Finding Reliable Sources and Spotting Misinformation in the Time of COVID-19

Robert Nemeth
The CMDS Blog
Published in
4 min readMay 4, 2020
Photo by engin akyurt on Unsplash

Providing accurate information is critical during a pandemic, but journalists face new challenges in accessing reliable sources, while misinformation spreads even faster than the virus itself.

During a global pandemic, providing trustworthy information is crucial.

The hunger for information is insatiable right now. But whom do you trust? That’s where local and established journalists come in,

Kathy Lu, the digital editor of America Amplified: Election 2020, a project of the Corporation for Public Broadcasting, said in an interview with Columbia Journalism Review.

However, as many other people all over the world, most of the journalists are also stuck at home, which obviously change the way they work. Instead of real meetings, they often must rely on phone calls and videoconferencing applications like Google Hangouts, Zoom, Teams, BlueJeans or Skype, to get their facts. Reporters have to try new ways of finding sources to provide accurate information.

Therefore, several organizations focused on providing journalists with tools and resources to facilitate accurate coverage of the pandemic.

The Blavatnik School of Government at the University of Oxford launched the Oxford COVID-19 Government Response Tracker to track and compare policy responses of governments. The tracker initially counted data from 73 countries and is being updated constantly.

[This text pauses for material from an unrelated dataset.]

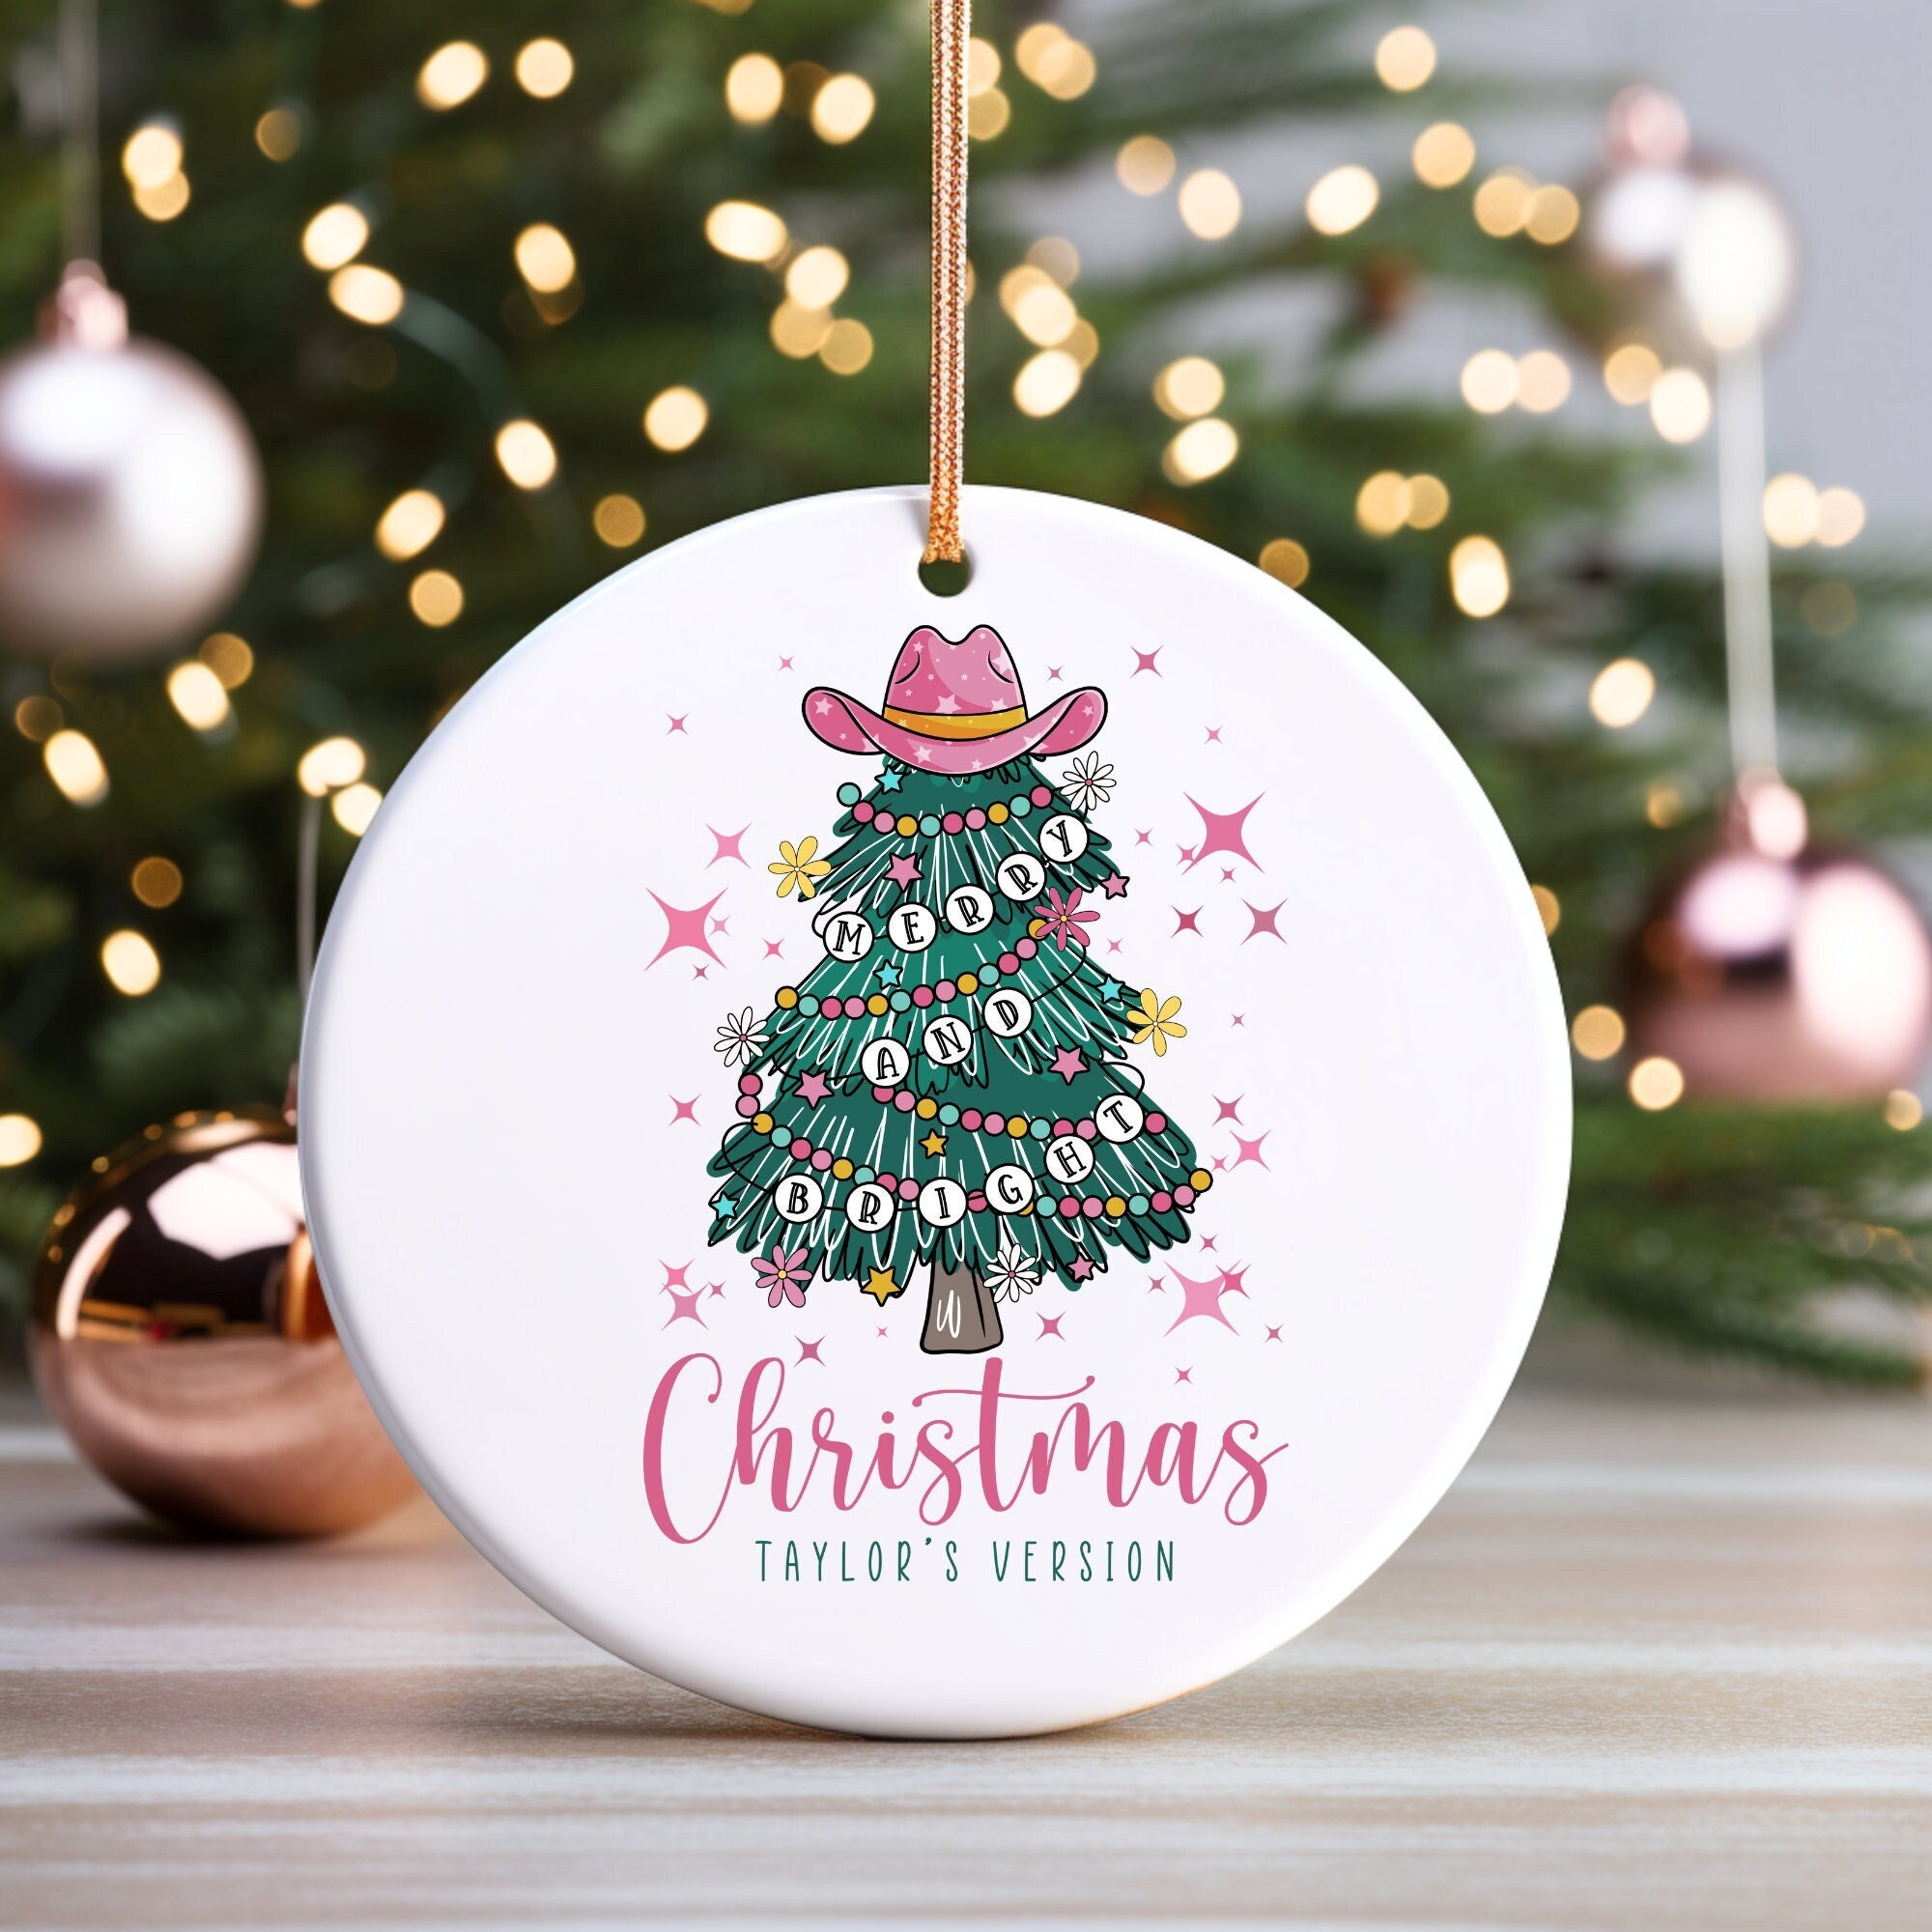 Taylor taylor version Christmas Ornament 2024 sold by Deepa Nair | SKU ...

We believe the data we have collected can (…) provide a first step into understanding exactly what measures have been effective in certain contexts, and why,

project lead Thomas Hale said.

The Committee to Protect Journalists (CPJ), a New York-based group, also launched its Coronavirus Response webpage, which includes safety advice, but also an “Ask an expert” section, which can be very useful at a time when experts are usually overwhelmed with requests from journalists.

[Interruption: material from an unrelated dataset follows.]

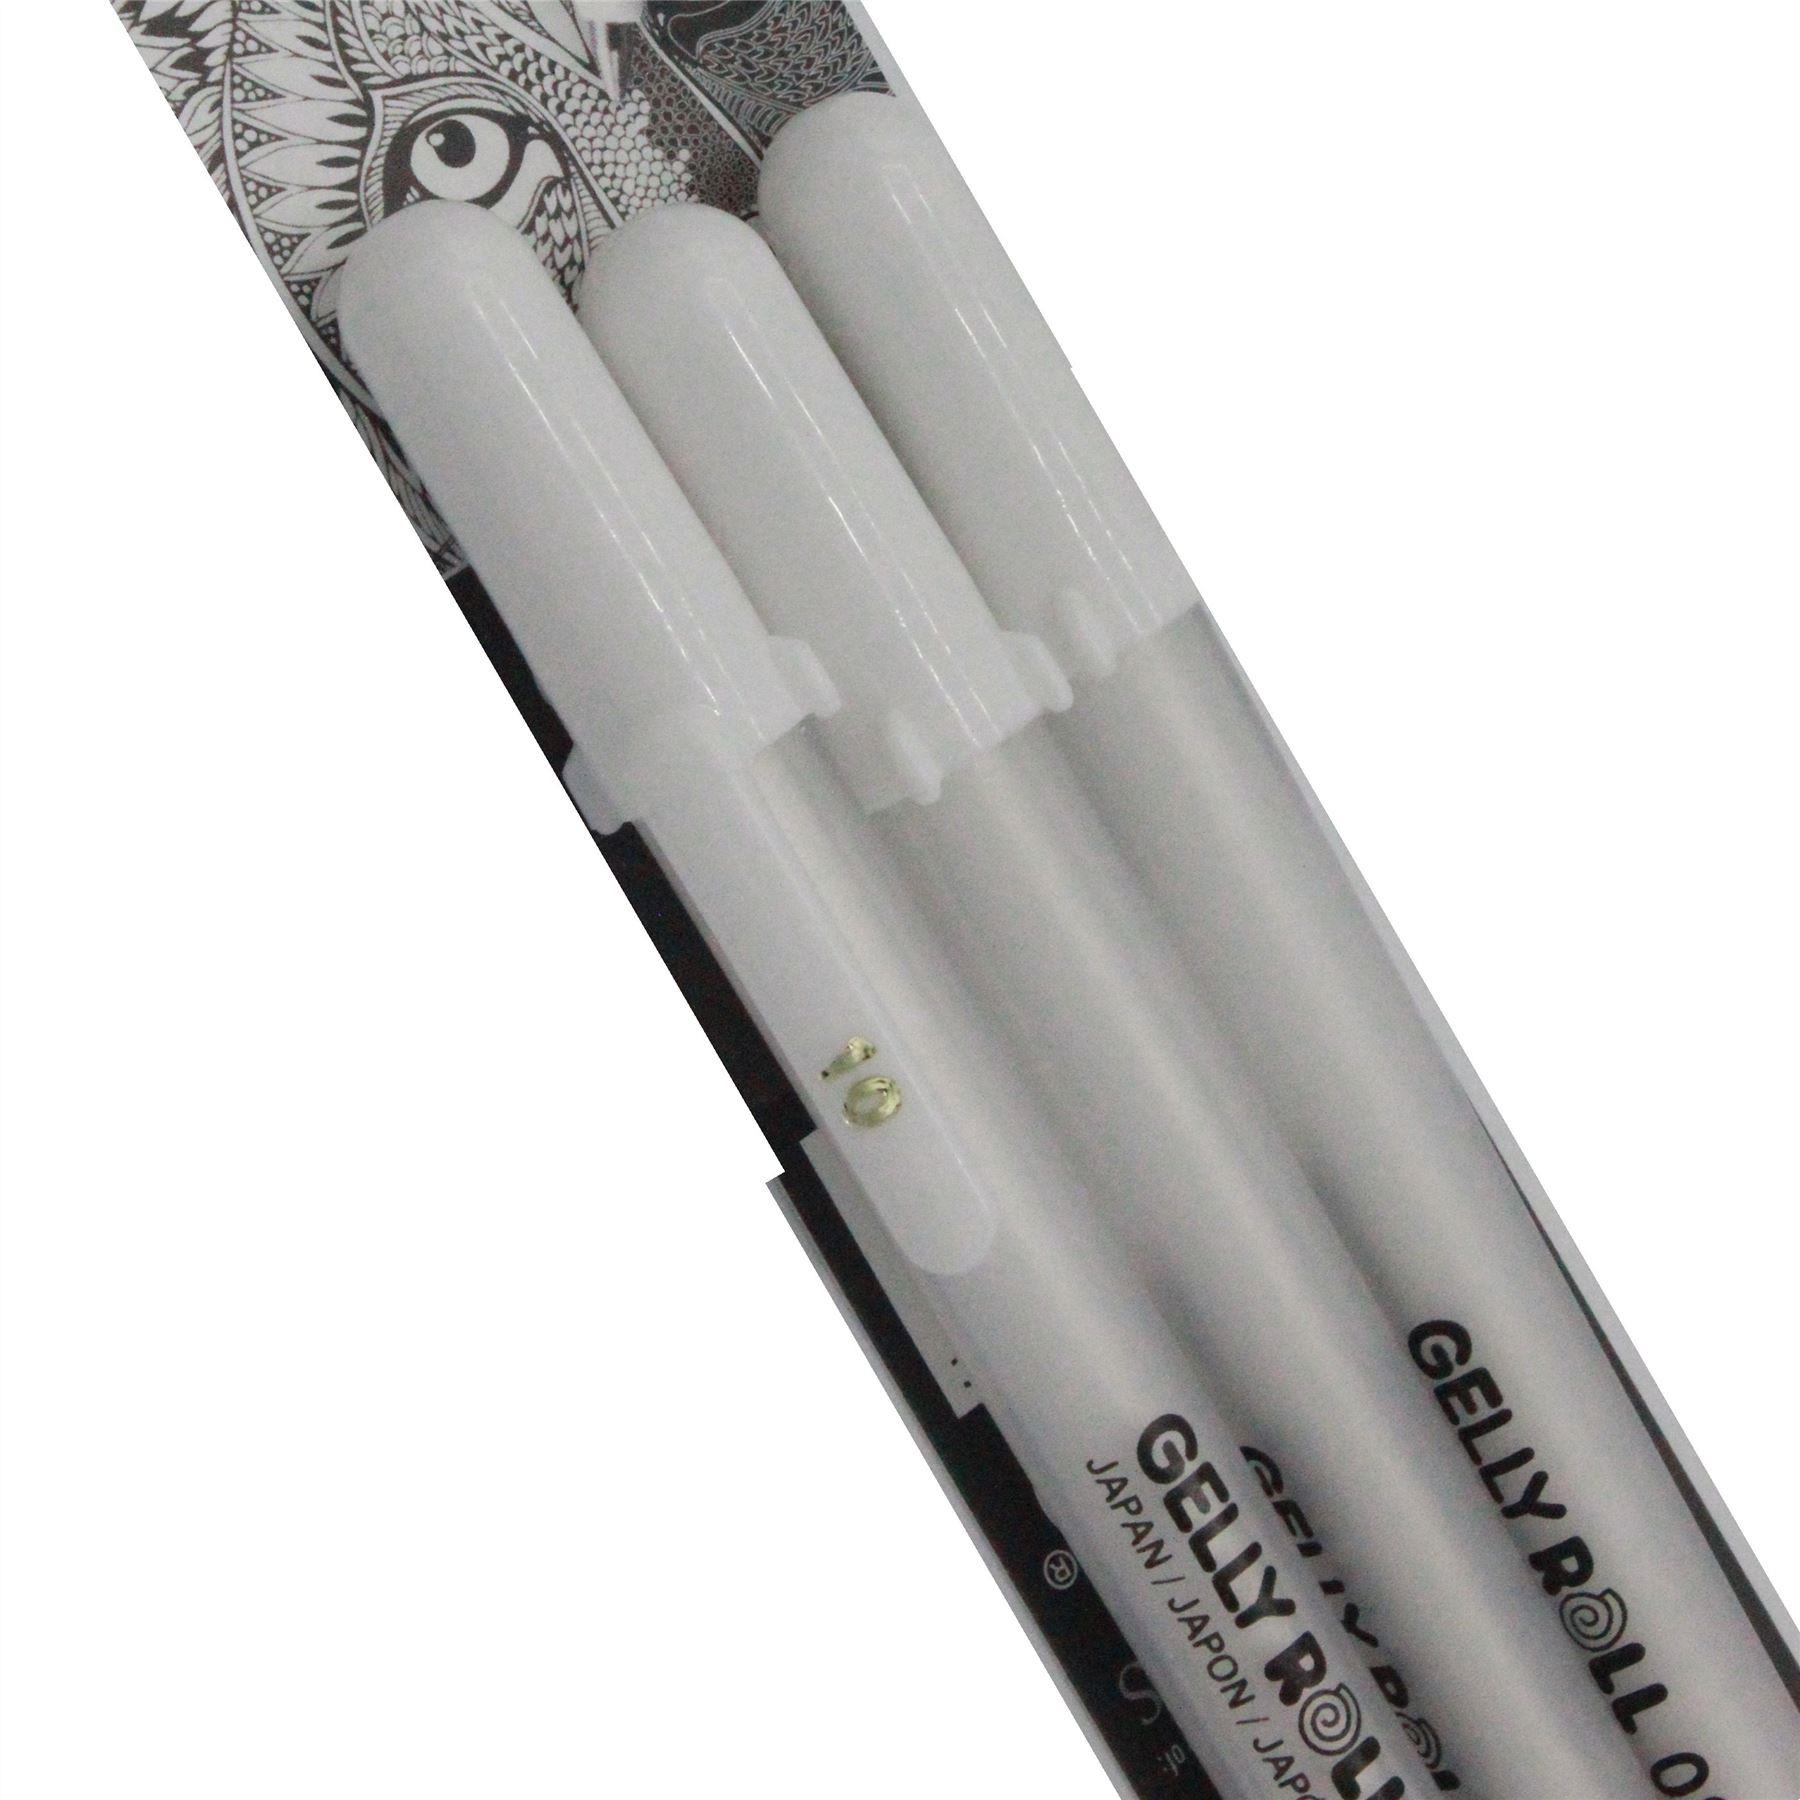 sakura bright white gelly roll pen set

Special Resources for Africa

Covid-19 cases are on the rise in Africa as well, but, as the International Journalists’ Network (IJNET) reports, journalists there have to face a unique context,

including a lack of government data, strained media budgets, as well as health systems that have in the past struggled with handling endemic diseases.

Therefore, journalism and media development organizations created platforms aimed at helping African journalists.

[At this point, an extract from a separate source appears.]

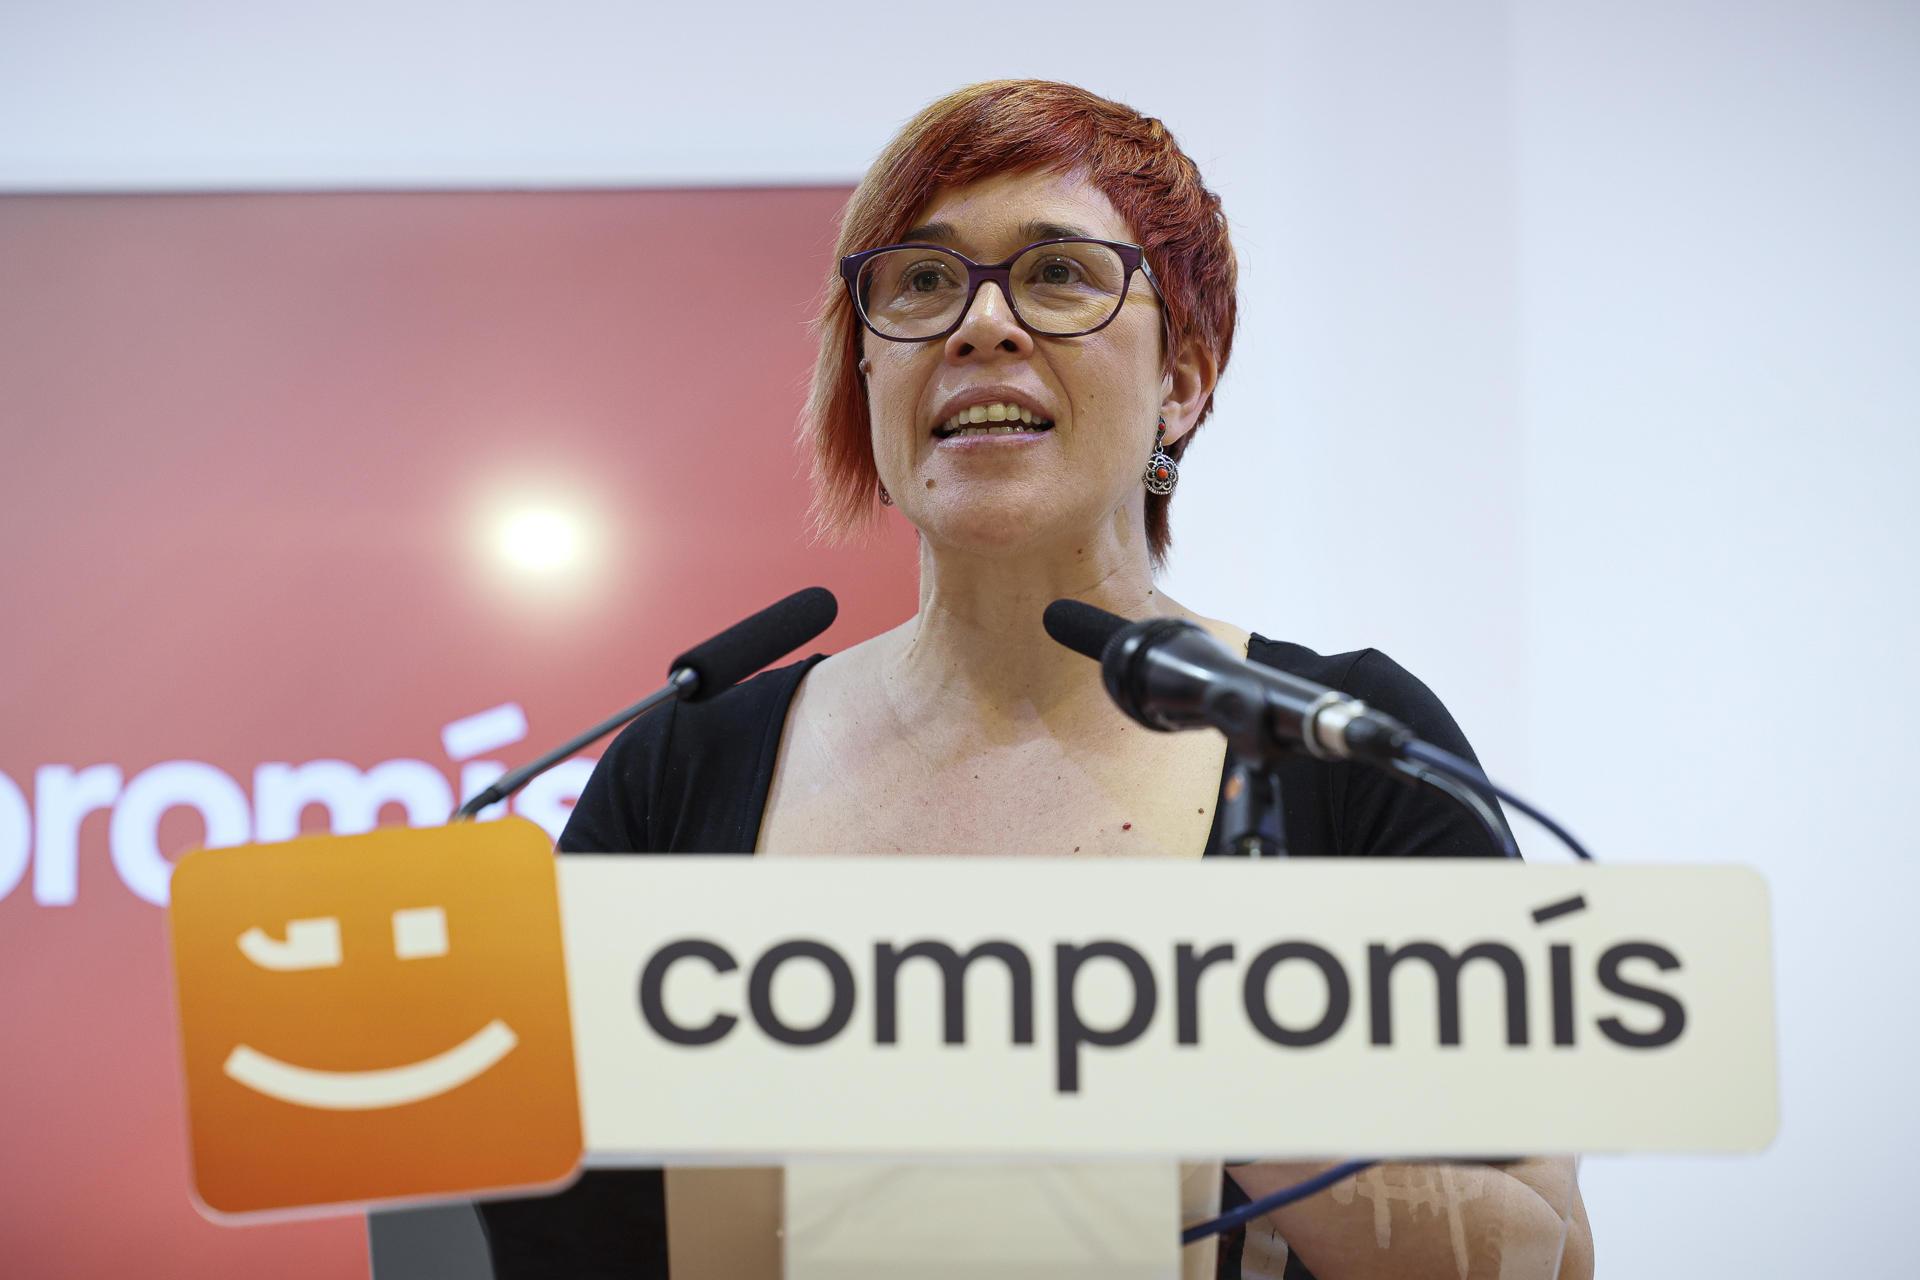 La portavoz de Compromís, Àgueda Micó. EFE/Biel Aliño/Archivo

One of these platforms, the Global Health Crisis Reporting Forum created by the International Center for Journalists (ICFJ) and IJNET brings together reporters, fact-checkers and experts from all over the world. As they write, the forum connects

reporters with information, resources and each other in an effort to support high-quality, responsible coverage that helps save lives.

The experts even offer live video chats to answer the journalists’ questions.

The Thomson Reuters Foundation has also launched its Coronavirus Crisis Reporting Hub: a virtual training, knowledge-sharing and network-building platform, which initially brings together reporters from English-speaking African nations. The hub focuses on “facilitating access to accurate and trusted information through a series of online seminars and working sessions, as well as scaling professional journalism expertise through training and mentoring courses.

Fighting the Infodemic

Nevertheless, in addition to new platforms offering reliable information, misinformation is also spreading like wildfire. EUvsDisinfo, the European Union website dedicated to countering Russian disinformation identified 337 cases of virus-related misinformation topics to date. The World Health Organization (WHO) already classified this problem as “infodemic.”

Many governments restricted their media laws and made spreading misinformation a criminal offense (used also as a tool to further restrict media freedom), and social media giants promised to step up their effort to remove all Covid-19 related misinformation from their platforms. Nevertheless, anyone who does a quick search will still find false news items about the pandemic.

This prompted more than 100 fact-checkers around the world, led by the International Fact-Checking Network at the Poynter Institute, to create the #CoronaVirusFacts / #DatosCoronaVirus Alliance. In addition to debunking false news items and conspiracy theories, the Alliance also publishes, shares and translates facts about the pandemic. Its members have conducted to date a total of 3,500+ fact-checks in 70+ countries in more than 40 languages.

With contributions from Rumi Akter and Aleksandra Skripnik.